Ana Sayfa Arama Galeri Video Yazarlar
Üyelik
Üye Girişi
Yayın/Gazete
Yayınlar
Kategoriler
Servisler
Nöbetçi Eczaneler Sayfası Nöbetçi Eczaneler Hava Durumu Namaz Vakitleri Gazeteler Puan Durumu
WhatsApp
Sosyal Medya
Uygulamamızı İndir

Tehlike kapıya dayandı! Peş peşe ikaz

Tabiat Derneği, ‘Türkiye’de tehlike altındaki sulak alanlar’ başlıklı çalışmasında şu ana kadar 20 sulak alanla ilgili yaşanan meseleleri ortaya koydu.
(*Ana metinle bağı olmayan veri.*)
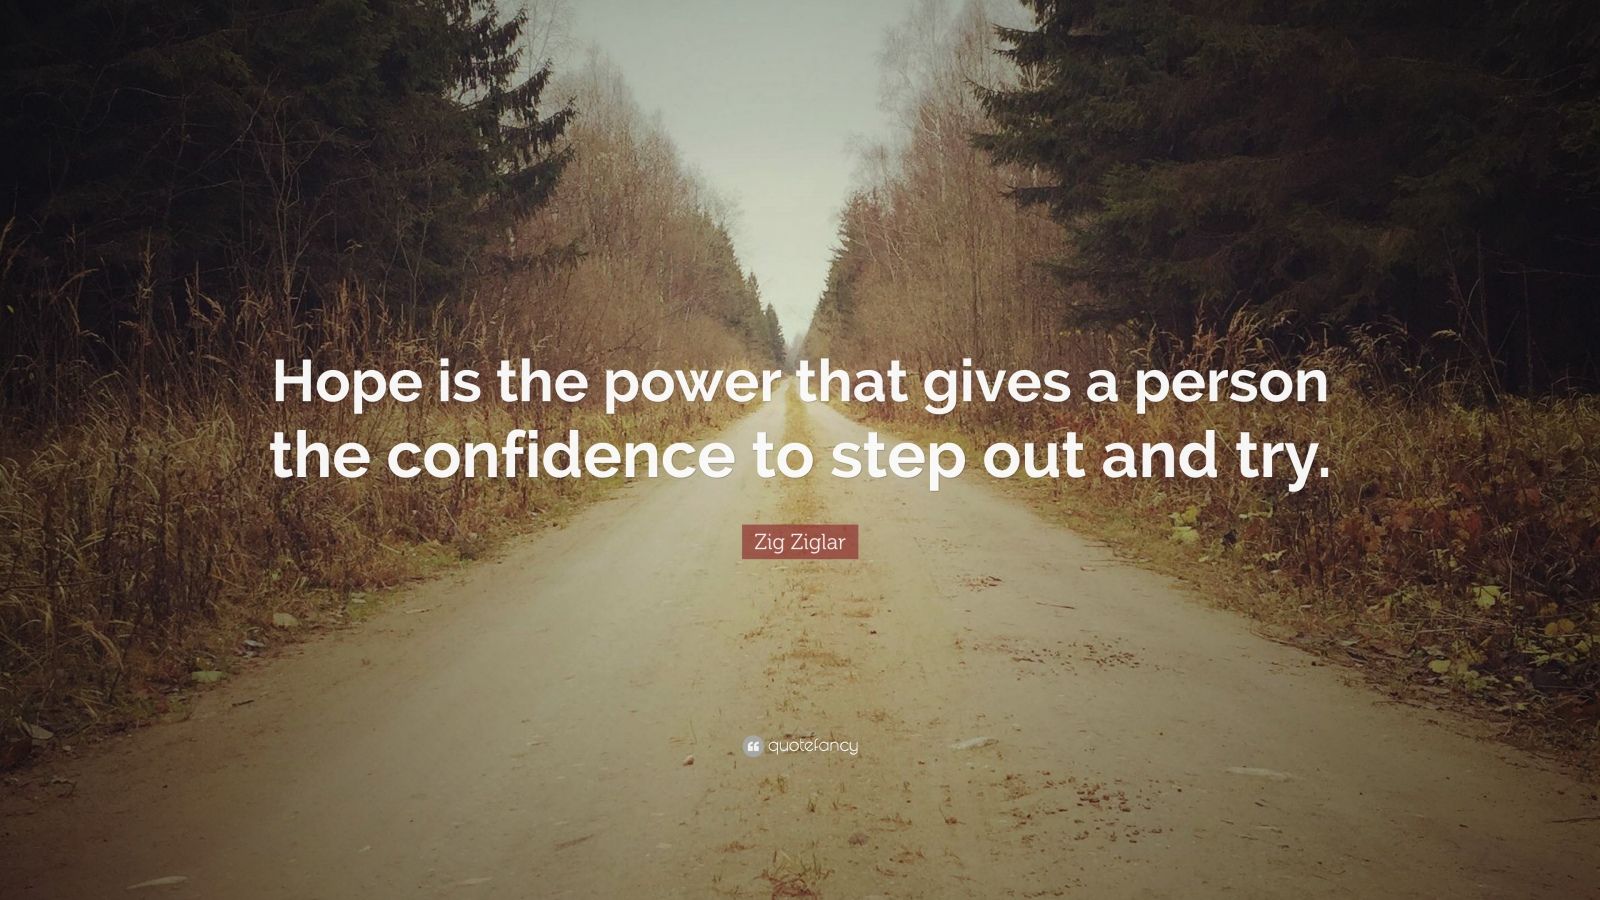 Zig Ziglar Quote: “Hope is the power that gives a person the confidence ...
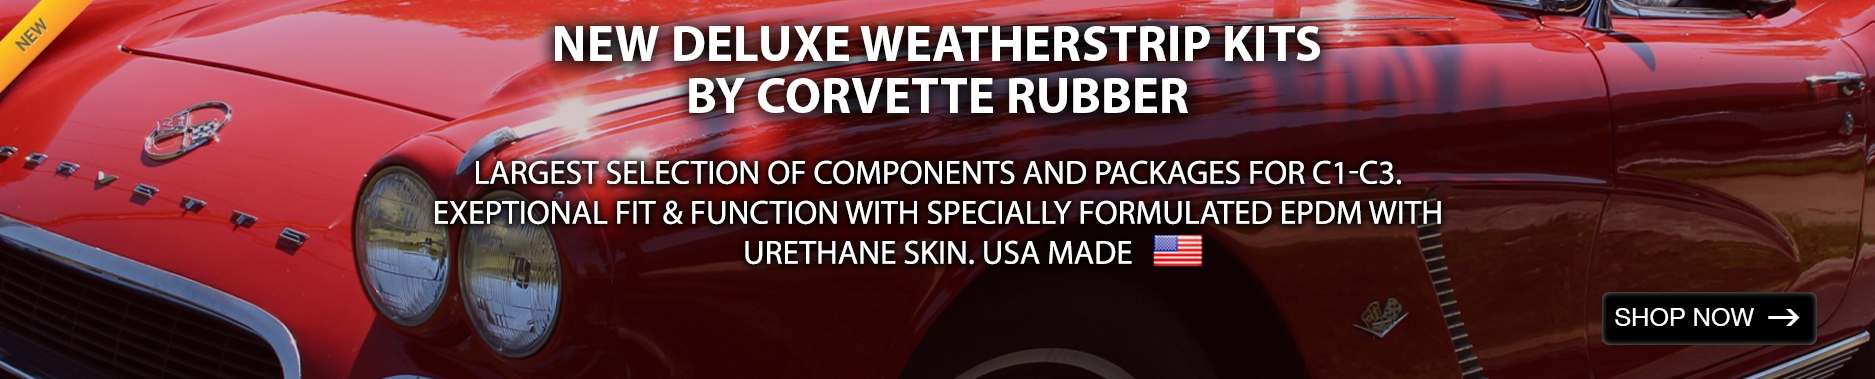 Deluxe Weatherstrip Kits by Corvette Rubber for C1-C3

Tabiat Derneği, 'Türkiye'de tehlike

Doğa Derneği, ‘Türkiye’de tehlike altındaki sulak alanlar’ başlıklı çalışması kapsamında şu ana kadar 20 sulak alanla ilgili yaşanan meseleleri ortaya koydu. Tabiat Derneği’nin Türkiye’deki tüm sulak alanları kapsayacak ve şimdi devam eden çalışması kapsamında Marmara, Seyfe, Tuz, Kulu, Burdur, Eğirdir, Manyas, Azap, Uyuz, Van, Uluabat, Mogan, Beyşehir, Bafa ve Yarışlı gölleri ile Yüksekova, Hürmetçi ve Belevi sazlıkları, Bargilya Tuzlası ve Kastabala Sulak Alanı’na ait sıkıntılara dikkat çekildi.
tehlike kapiya dayandi pes pese ikaz 0 6wlkdmjn

YANLIŞ SU VE TARIM POLİTİKALARI

Doğa Derneği’nin Türkiye’de tehlike altındaki sulak alanlara işaret ettiği araştırma çalışmalarına ait bilgi veren Sulak Alanlar Koordinatörü Burçin Yaraşlı, ülkemizde kuraklığın tesirlerinin arttığını, Anadolu’nun sulak alanlarının yarım asırdır yanlış su ve tarım siyasetleriyle yok edildiğini söyledi. Ulusal Su Planı datalarına nazaran su kaynaklarının yüzde 74’ünün ziraî sulamada, yüzde 13’ünün içme-kullanmada, yüzde 13’ünün de endüstride kullanıldığını belirten Yaraşlı, suyun döngüsünü korumak için birinci değişimin tarım siyasetleriyle başlaması gerektiğini söyledi. 
tehlike kapiya dayandi pes pese ikaz 1 uU8PITAs

TEHLİKEDE OLMAYAN SULAK ALAN NEREDEYSE YOK

Sulak alanların; fırtına, sel ve kıyı şeridi erozyonunun tesirlerini azaltması, yer altı su depolarını doldurması ve suyu doğal olarak filtre etmesi özellikleriyle kritik kıymete sahip olduğunu belirten Yaraşlı, “Anadolu’daki tüm sulak alan ekosistemlerinin var olma hakkı, anayasal teminat altına alınmalı. Bilgilere nazaran Türkiye’de 14’ü Ramsar, 59’u Ulusal Ehemmiyete Haiz ve 32’si Mahalli Kıymete Haiz olmak üzere toplam 105 sulak alan bulunuyor. Türkiye’de tehlike altında olmayan sulak alan neredeyse yok. Türkiye’deki sulak alanların yok oluşuna dair bir yayın hazırlıyoruz. Son 60 yılda kaybedilen sulak alanların yüzölçümü 2 milyon hektara, yani yaklaşık 1,5 Marmara Denizi büyüklüğüne ulaştı” dedi.
tehlike kapiya dayandi pes pese ikaz 2 y8O1spUV

TEHLİKEDEKİ 20 SULAK ALAN

Derneğin çalışmasında, tehlike altındaki 20 sulak alan ise şöyle sıralandı;

YARIŞLI GÖLÜ: Angıt, flamingo, suna, fiyu, kaşıkgaga ve çamurcun üzere çok sayıda su kuşu bulunuyor. Etrafındaki çok sayıda faal mermer ocağı ve su idaresindeki yanlış uygulamalar buradaki yaban hayatını tehdit ediyor.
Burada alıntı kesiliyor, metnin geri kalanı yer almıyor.